Delving into the Globe's Spookiest Forest: Gnarled Trees, Unidentified Flying Objects and Chilling Accounts in Transylvania.
"Locals dub this place a mysterious vortex of Transylvania," remarks a tour guide, his exhalation forming clouds of vapor in the cold evening air. "Countless visitors have gone missing here, many believe it's an entrance to another dimension." Marius is guiding a visitor on a nocturnal tour through what is often described as the planet's most ghostly grove: Hoia-Baciu, a section spanning 640 acres of primeval native woodland on the outskirts of the Transylvanian city of Cluj-Napoca.
A Long History of the Unexplained
Accounts of bizarre occurrences here date back centuries – the forest is called after a area shepherd who is said to have vanished in the far-off times, along with his entire flock. But Hoia-Baciu gained international attention in 1968, when a military technician known as Emil Barnea photographed what he claimed was a UFO hovering above a circular clearing in the centre of the forest.
Countless ventured inside and vanished without trace. But no need to fear," he adds, facing his guest with a smirk. "Our excursions have a flawless completion rate."

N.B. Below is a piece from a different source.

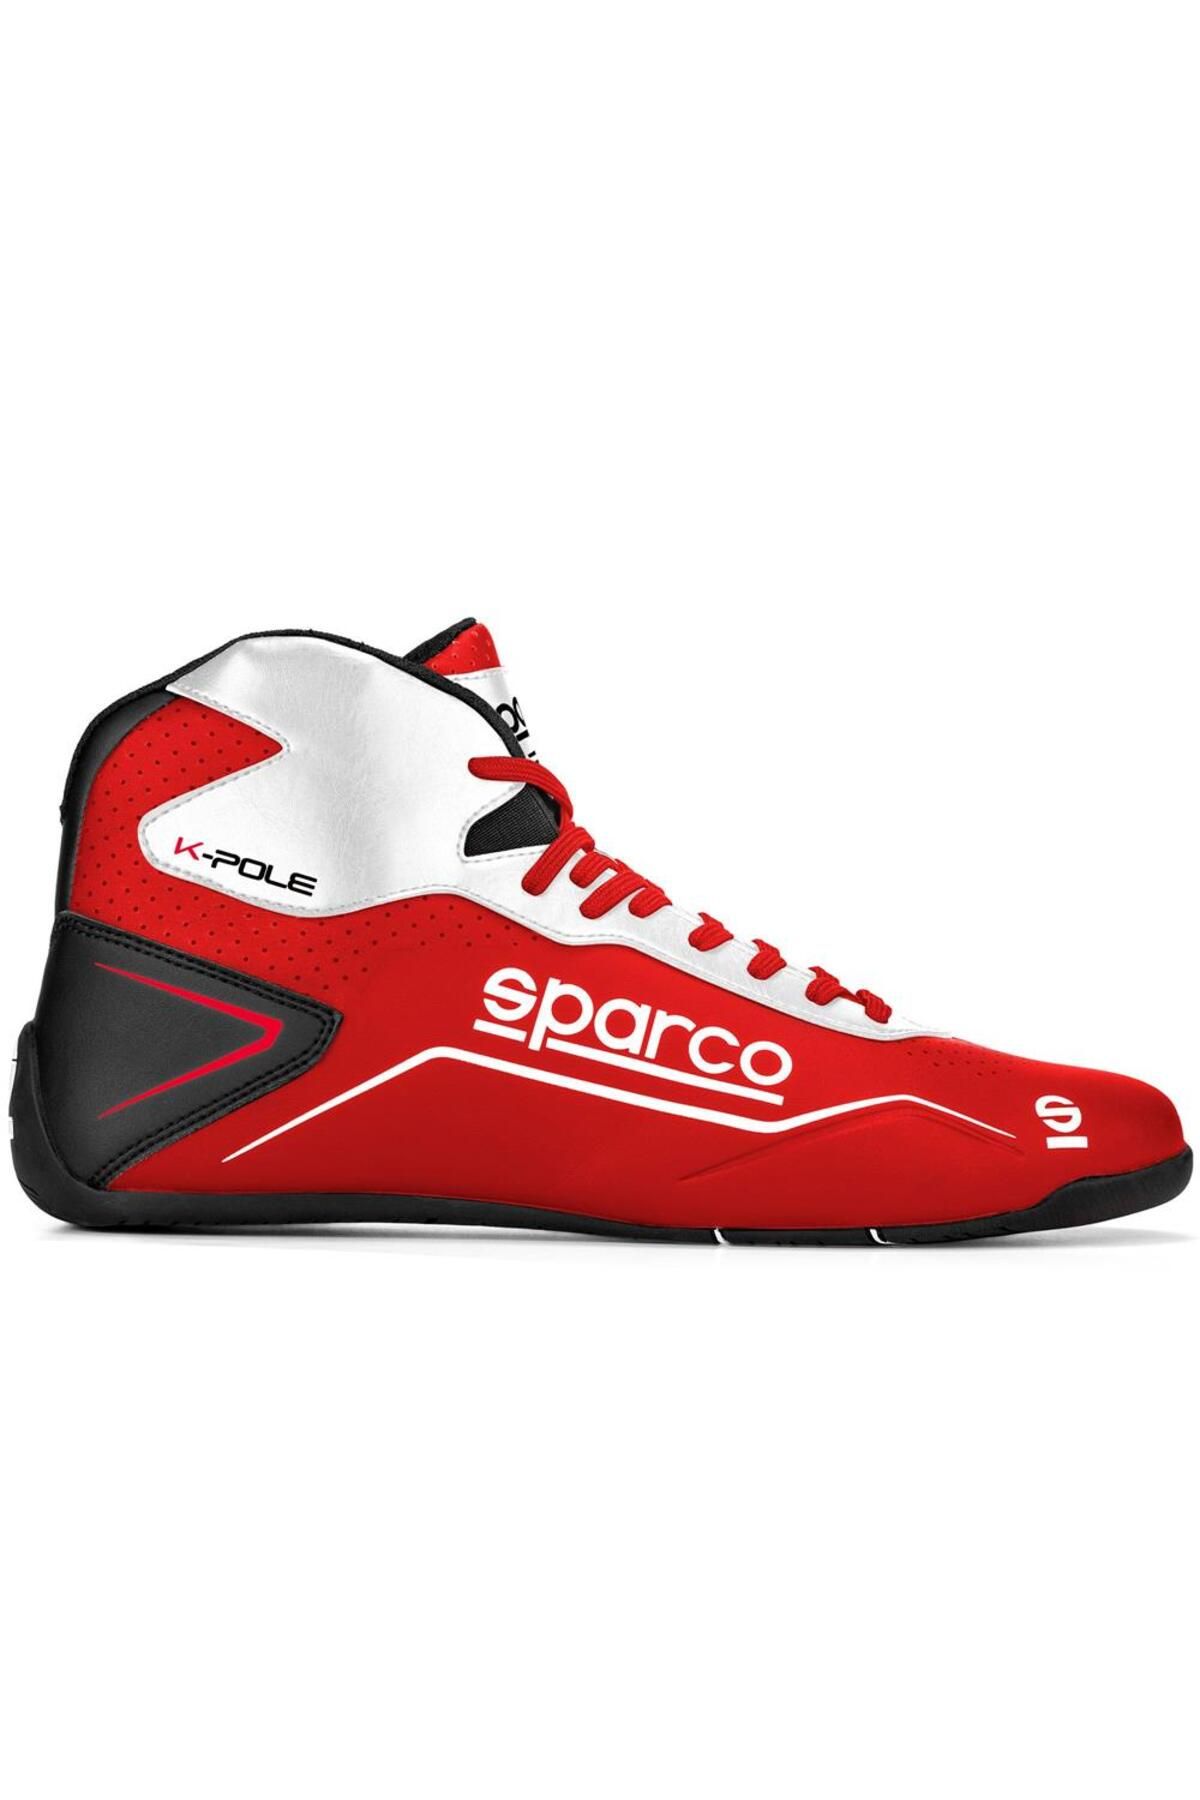 Sparco K-pole Karting Ayakkabısı Kırmızı Beyaz 38 Numara
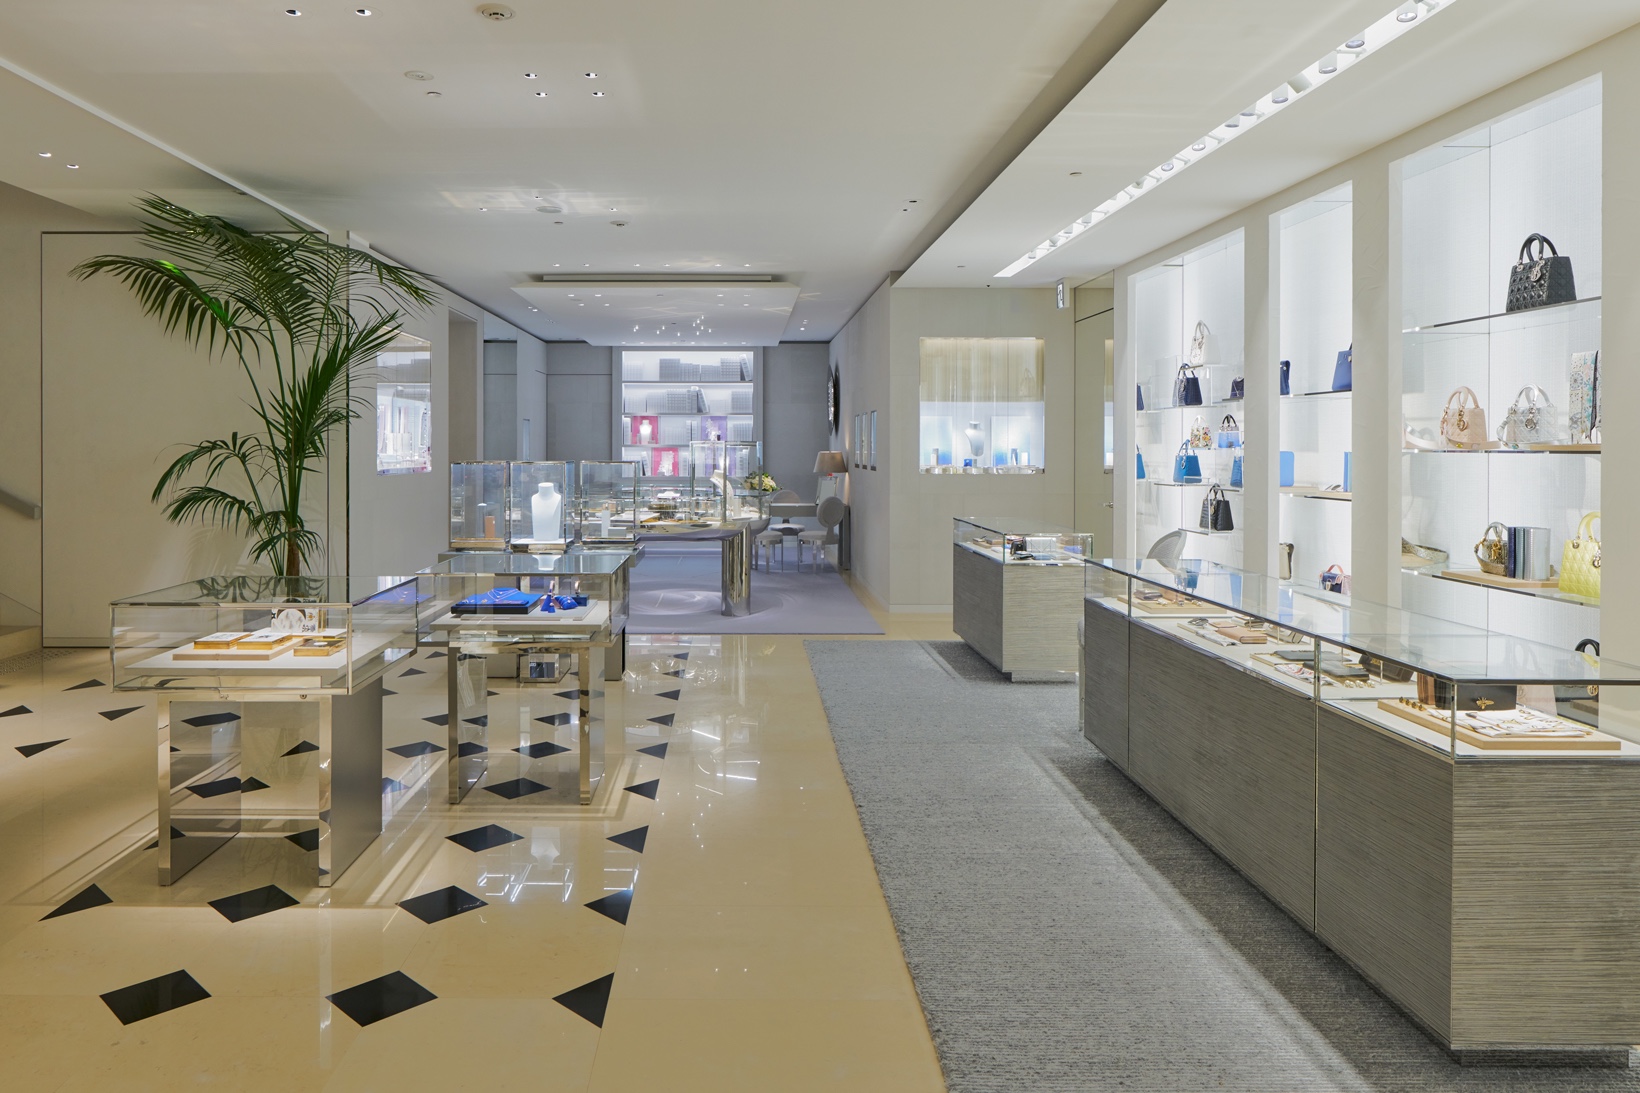 Загляните внутрь нового экстравагантного магазина Dior в Токио

In the years that followed, Hoia-Baciu has brought in yoga practitioners, shamans, extraterrestrial investigators and ghost hunters from worldwide, curious to experience the unusual forces believed to resonate through the forest.
Current Risks
Although it is a top global destinations for paranormal enthusiasts, the forest is facing danger. The western districts of Cluj-Napoca – a contemporary technology center of a population exceeding 400,000, called the tech capital of eastern Europe – are encroaching, and developers are campaigning for permission to remove the forest to build apartment blocks.
Barring a few hectares home to locally rare specific tree species, the grove is not officially protected, but Marius is confident that the company he was instrumental in creating – a dedicated preservation group – will assist in altering this, persuading the government officials to recognise the forest's value as a visitor destination.
Chilling Events
While branches and fall foliage split and rustle beneath their footwear, the guide tells numerous local legends and reported supernatural events here.
- A popular tale tells of a young child vanishing during a family picnic, only to rematerialise five years later with complete amnesia of her experience, showing no signs of aging a day, her clothes shy of the smallest trace of soil.
- Frequent accounts detail mobile phones and imaging devices unexpectedly failing on venturing inside.
- Reactions range from complete terror to states of ecstasy.
- Various visitors claim seeing unusual marks on their skin, hearing unseen murmurs through the forest, or experience palms pushing them, despite being certain nobody is nearby.
Study Attempts
While many of the stories may be unverifiable, numerous elements clearly observable that is certainly unusual. All around are plants whose stems are bent and twisted into unusual forms.
Various suggestions have been given to clarify the abnormal growth: that hurricane winds could have shaped the young trees, or naturally high electromagnetic fields in the soil cause their strange formation.
But research studies have turned up no satisfactory evidence.
The Famous Clearing
The guide's tours enable participants to take part in a modest investigation of their own. Upon reaching the clearing in the trees where Barnea took his renowned UFO pictures, he passes the visitor an electromagnetic field detector which registers electromagnetic fields.
"We're venturing into the most active part of the forest," he states. "See what you can find."
The trees suddenly stop dead as they step into a flawless round. The only greenery is the trimmed turf beneath their shoes; it's clear that it's naturally occurring, and appears that this strange clearing is wild, not the creation of people.
Between Reality and Imagination
Transylvania generally is a location which stirs the imagination, where the division is unclear between fact and folklore. In countryside villages superstition remains in strigoi ("screamers") – otherworldly, appearance-altering bloodsuckers, who emerge from tombs to frighten nearby villages.
The famous author's famous character Dracula is forever associated with Transylvania, and Bran Castle – a medieval building perched on a cliff edge in the Carpathian Mountains – is heavily promoted as "the vampire's home".
But including myth-shrouded Transylvania – truly, "the land past the woods" – feels tangible and comprehensible in contrast to the haunted grove, which give the impression of being, for factors related to radiation, atmospheric or purely mythical, a center for human imaginative power.
"In Hoia-Baciu," the guide comments, "the boundary between reality and imagination is remarkably blurred."